Monday, February 9, 2015

Benefits of freezing to death.

Well, I finally found something to do with all the #&$^*#& snow we're getting.

Yep, it's the world's chilliest, most ubiquitous cup holder. And it's free! Approximately 10,000 per lawn.

I'm beginning to make peace with this freaking winter, even though as I write more of the white crap is falling. The reason is that I've come to believe that living in northern climes makes you tougher and more resourceful. I remember a history teacher who told our class that it was no coincidence that all the great cities of the world were clustered within about ten degrees of latitude: New York (40°40′N), Rome (41°54′N), Paris (48°51′N), London (51°30′N), Munich (48°08′N), Peking* (39°55′N), Jersey City (40°43′N)... Something about being cold half the year and hot the other half was like tempering steel. I think his theory extended to why the North won the Civil War.

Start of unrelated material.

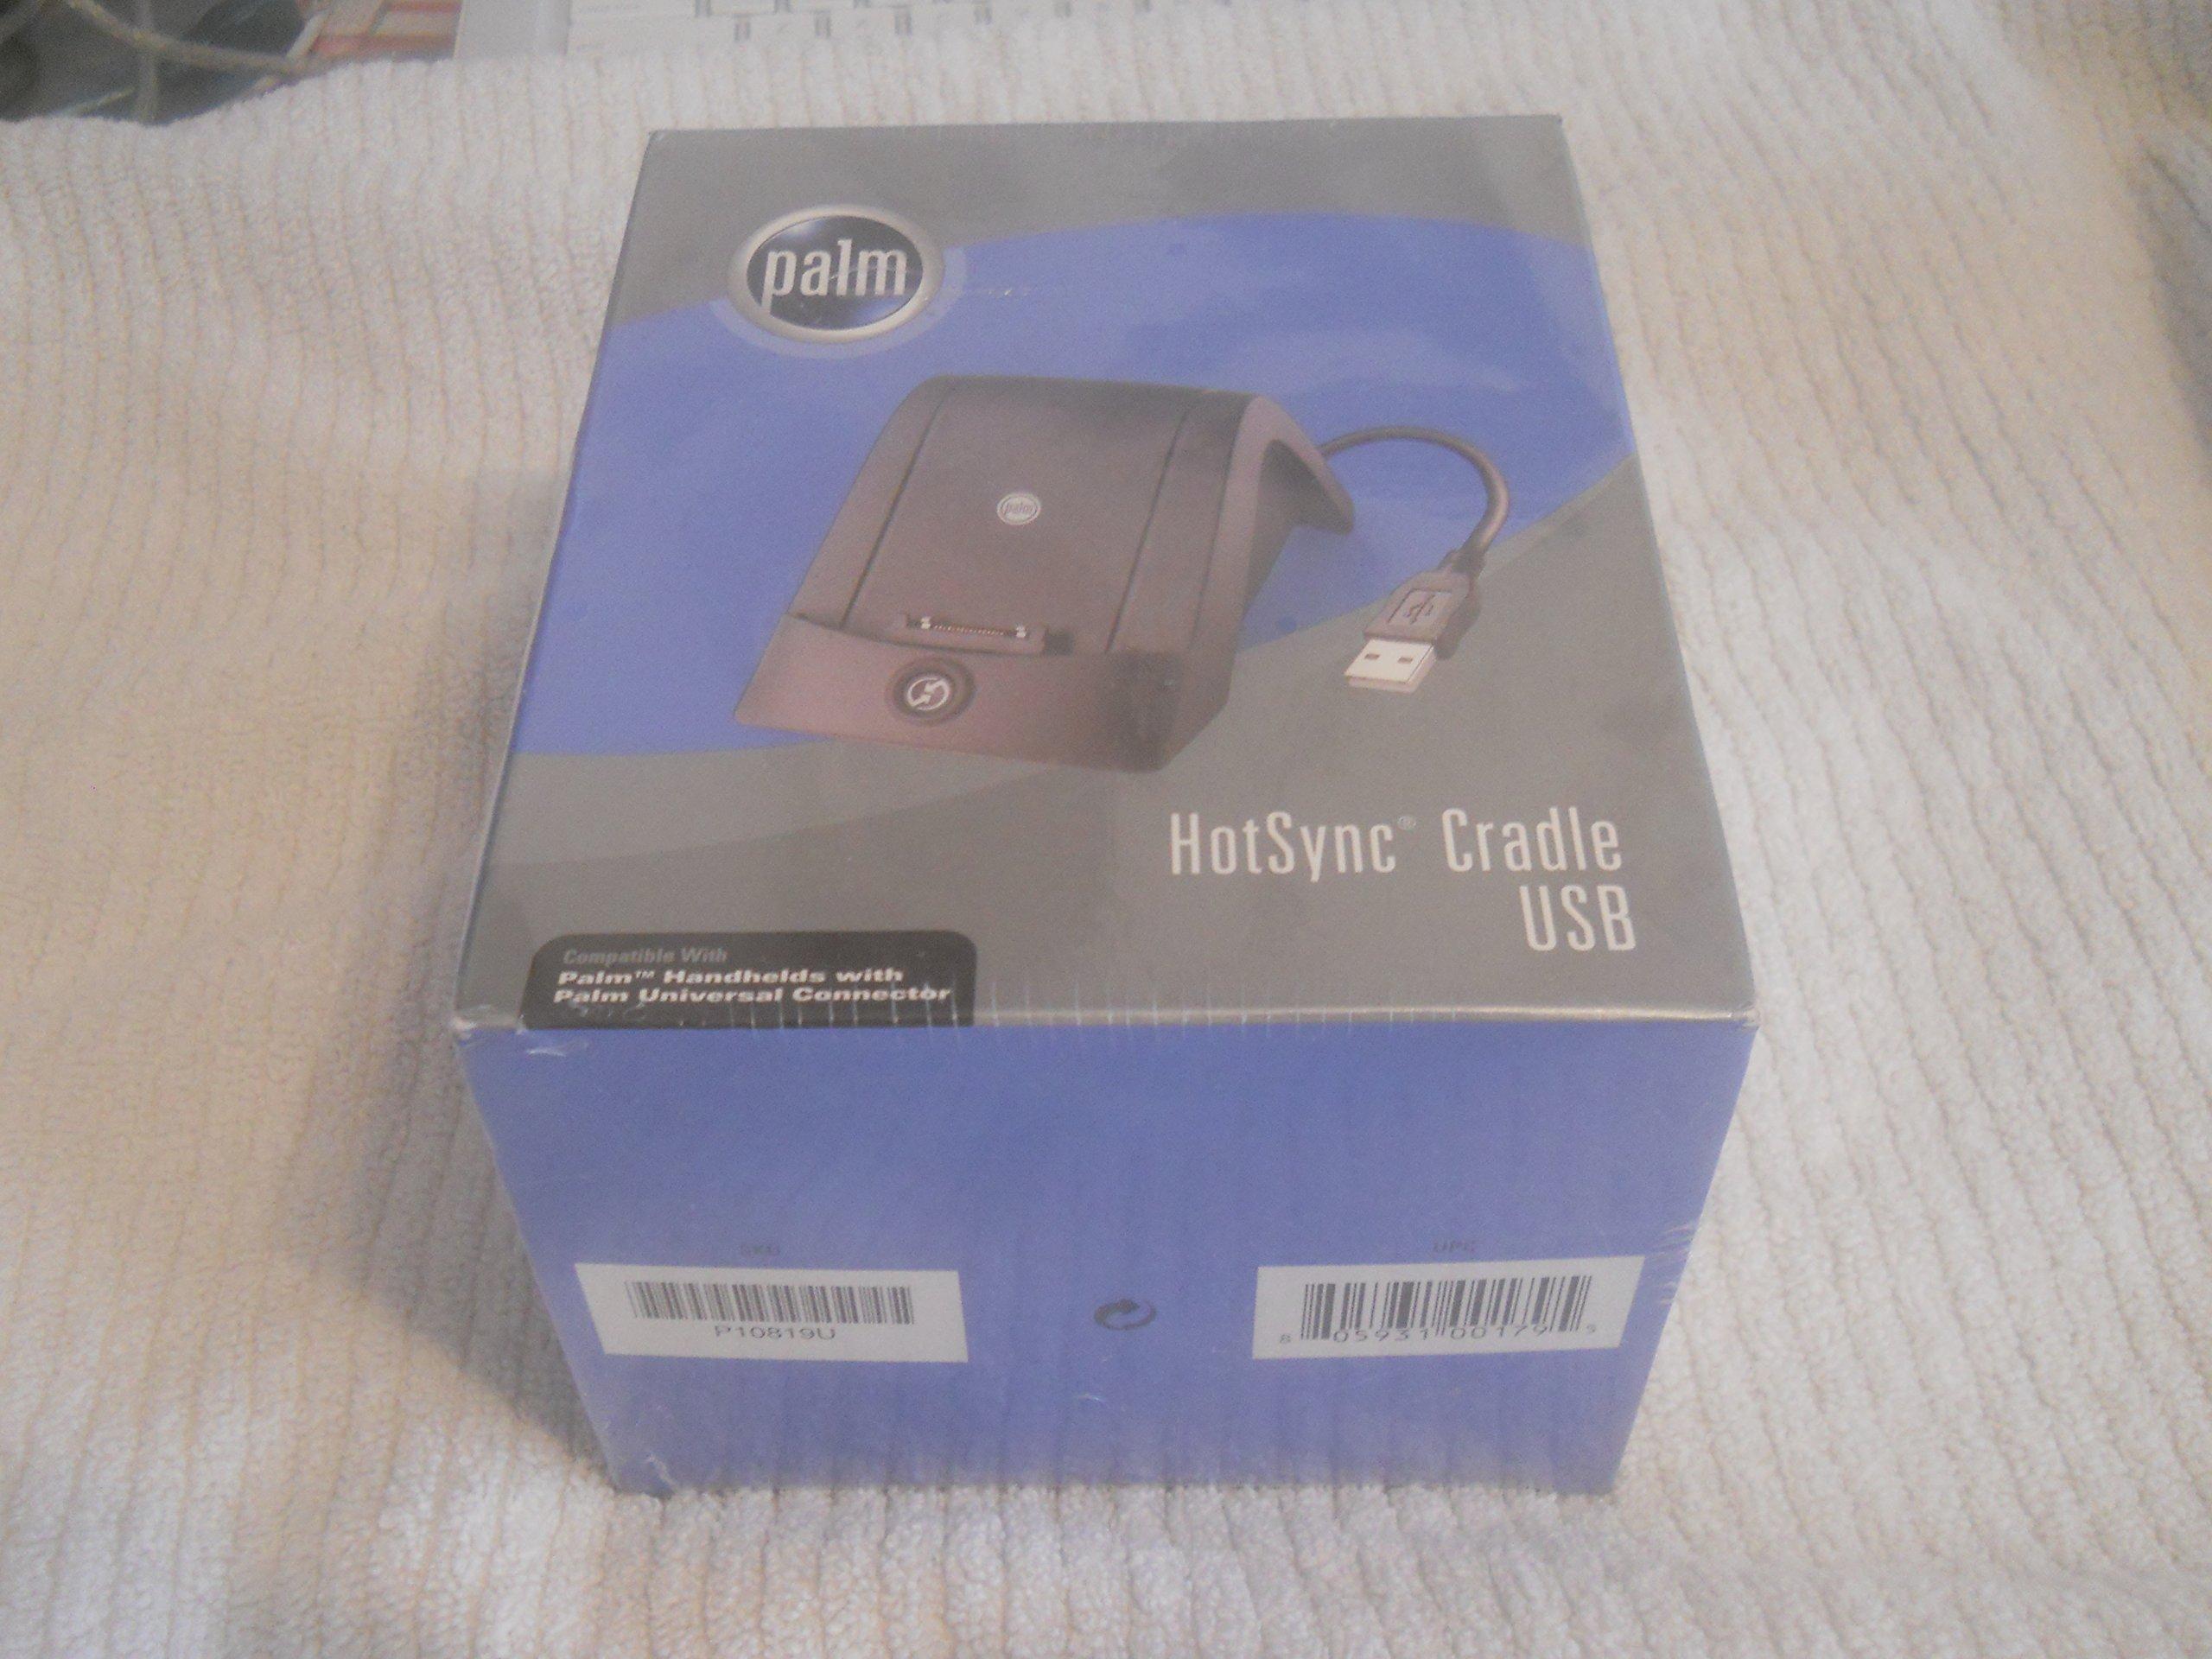 PalmOne HotSync Cradle USB (m125, m130, i705, Tungsten (Except E), m500 Series)
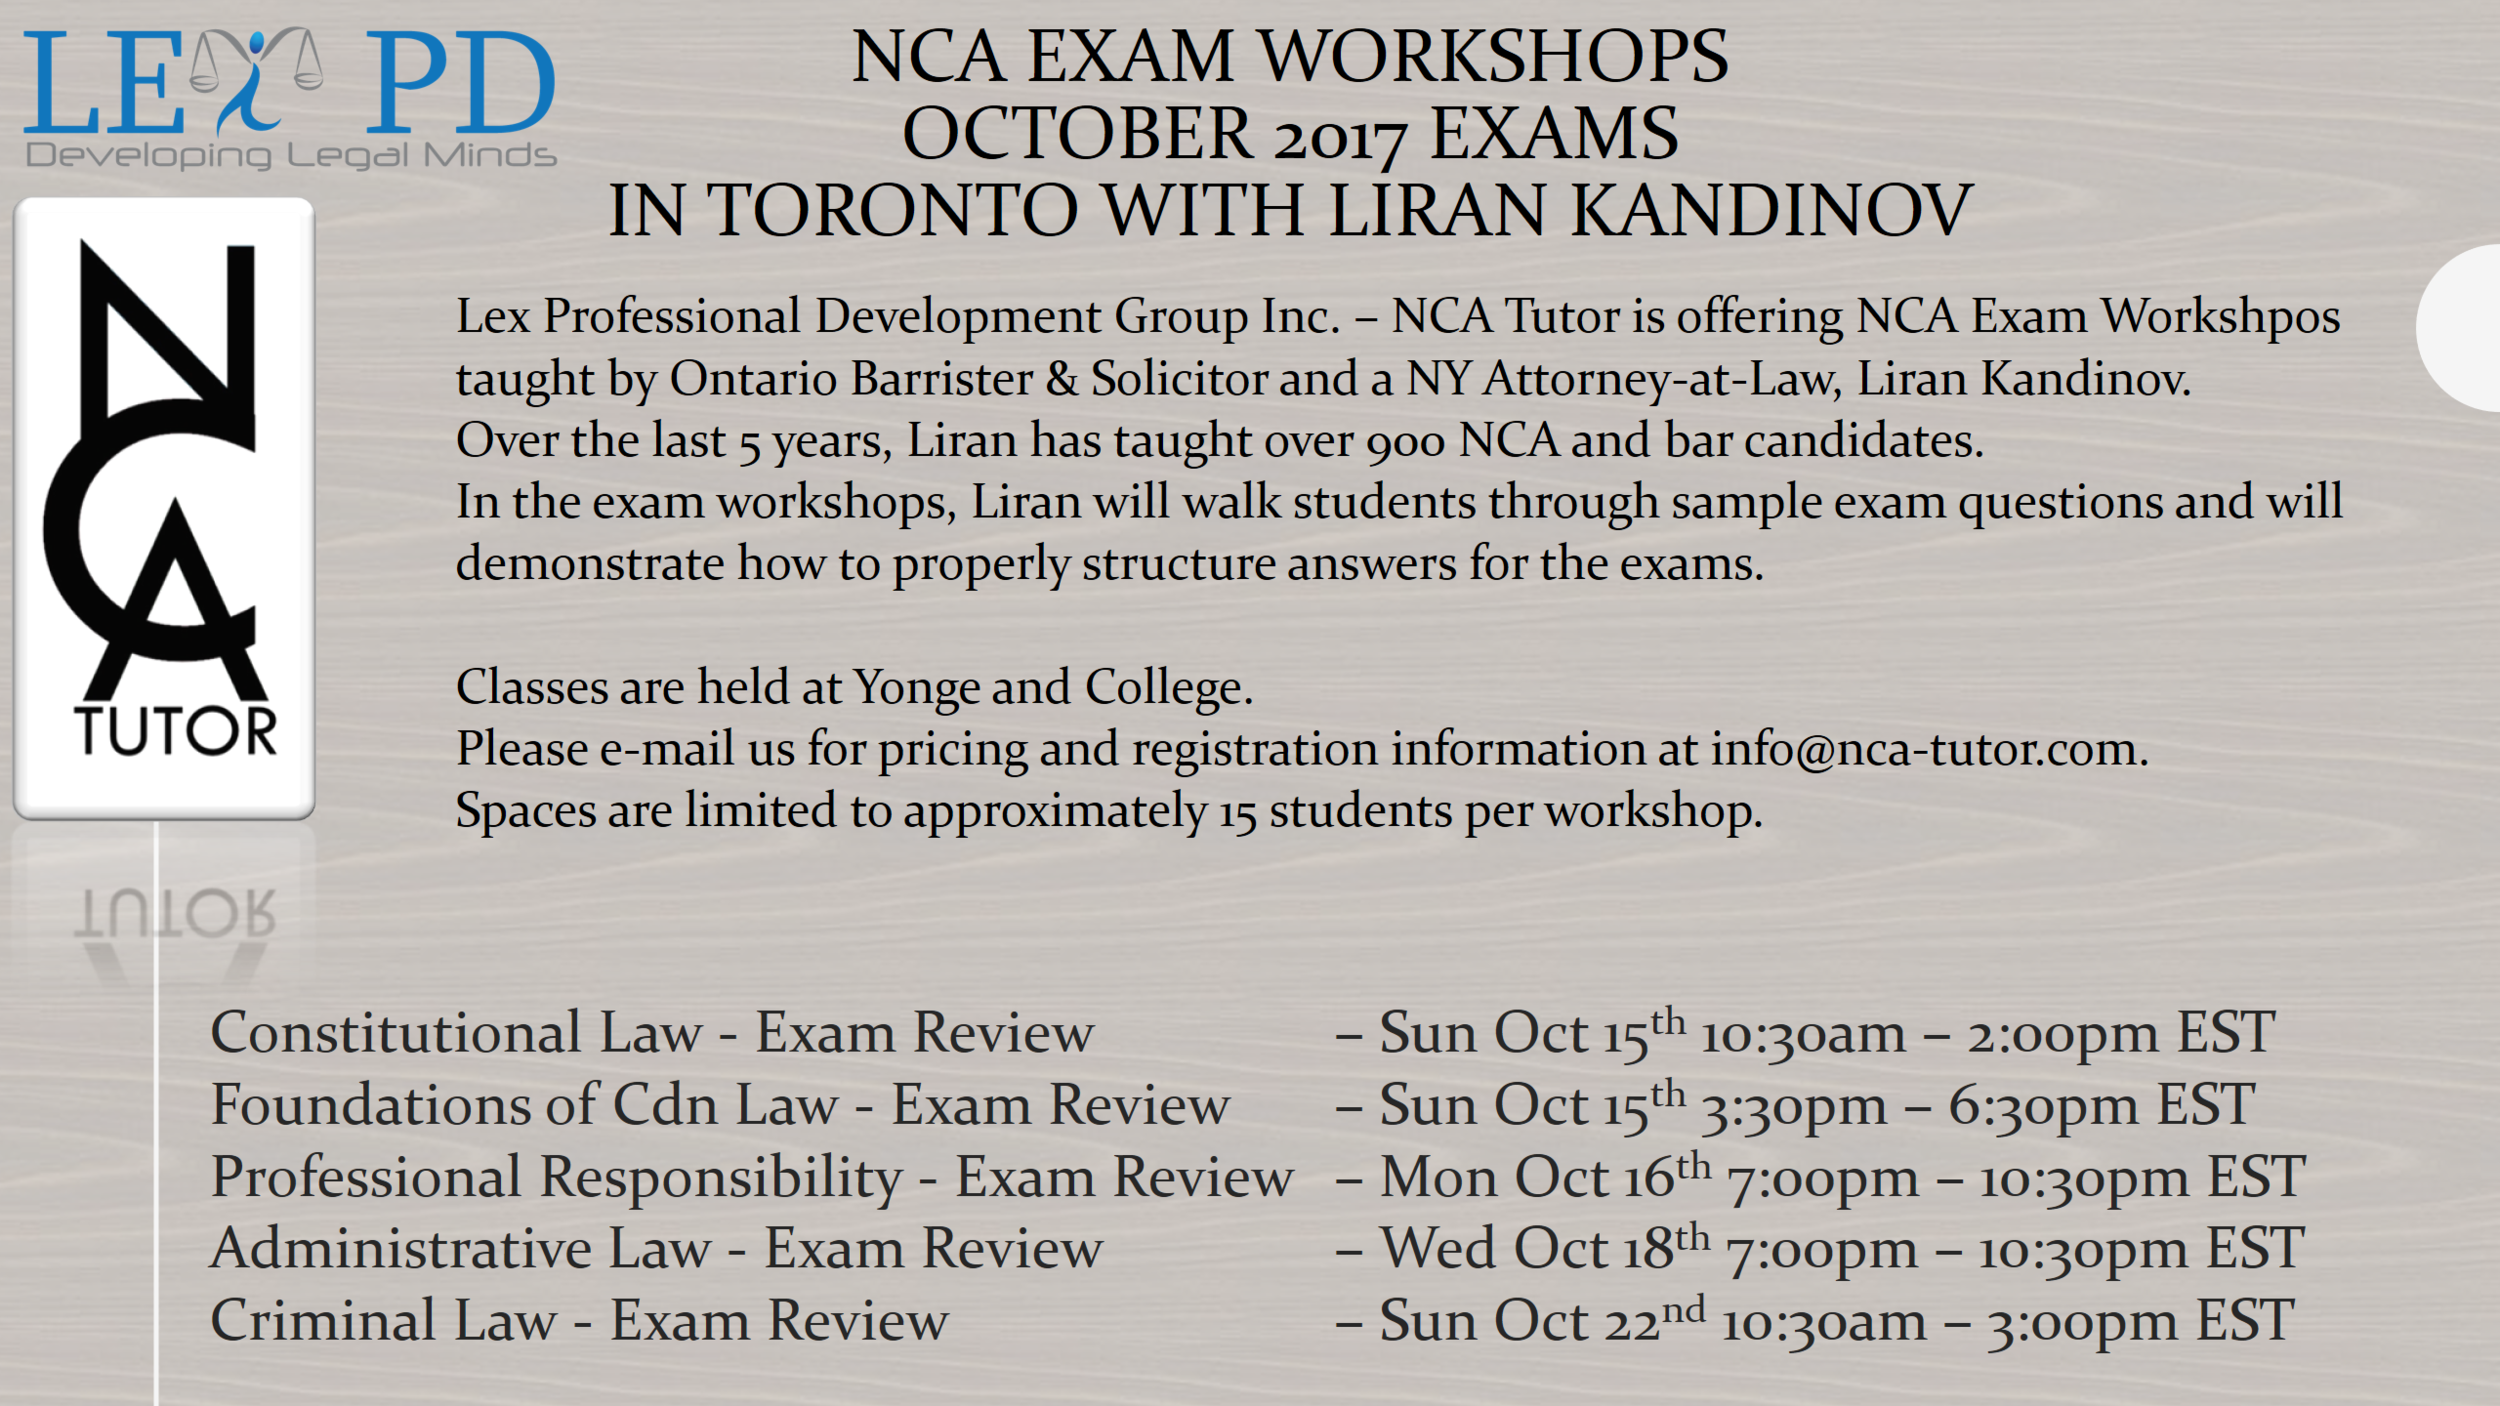 Exam Workshops for October 2017 NCA Exams

I was thinking about that the other day, and about bull. What do I mean? I wonder sometimes. No, what I mean is this: In Mexico, when there's a crazed bull in an arena, they send out a highly athletic man in a uniform that provides ease of motion, armed with lances or a sword. We just let the clowns handle it.

You can say that warmer areas have more disease, hurricanes, vicious insects and animals, dangerous swamps and jungles, etc. etc., and that's all true. But winter will kill you just standing there.


*It was Peking back then, in the Mesolithic Era. Why they changed it, I can't say. People just liked it better that way.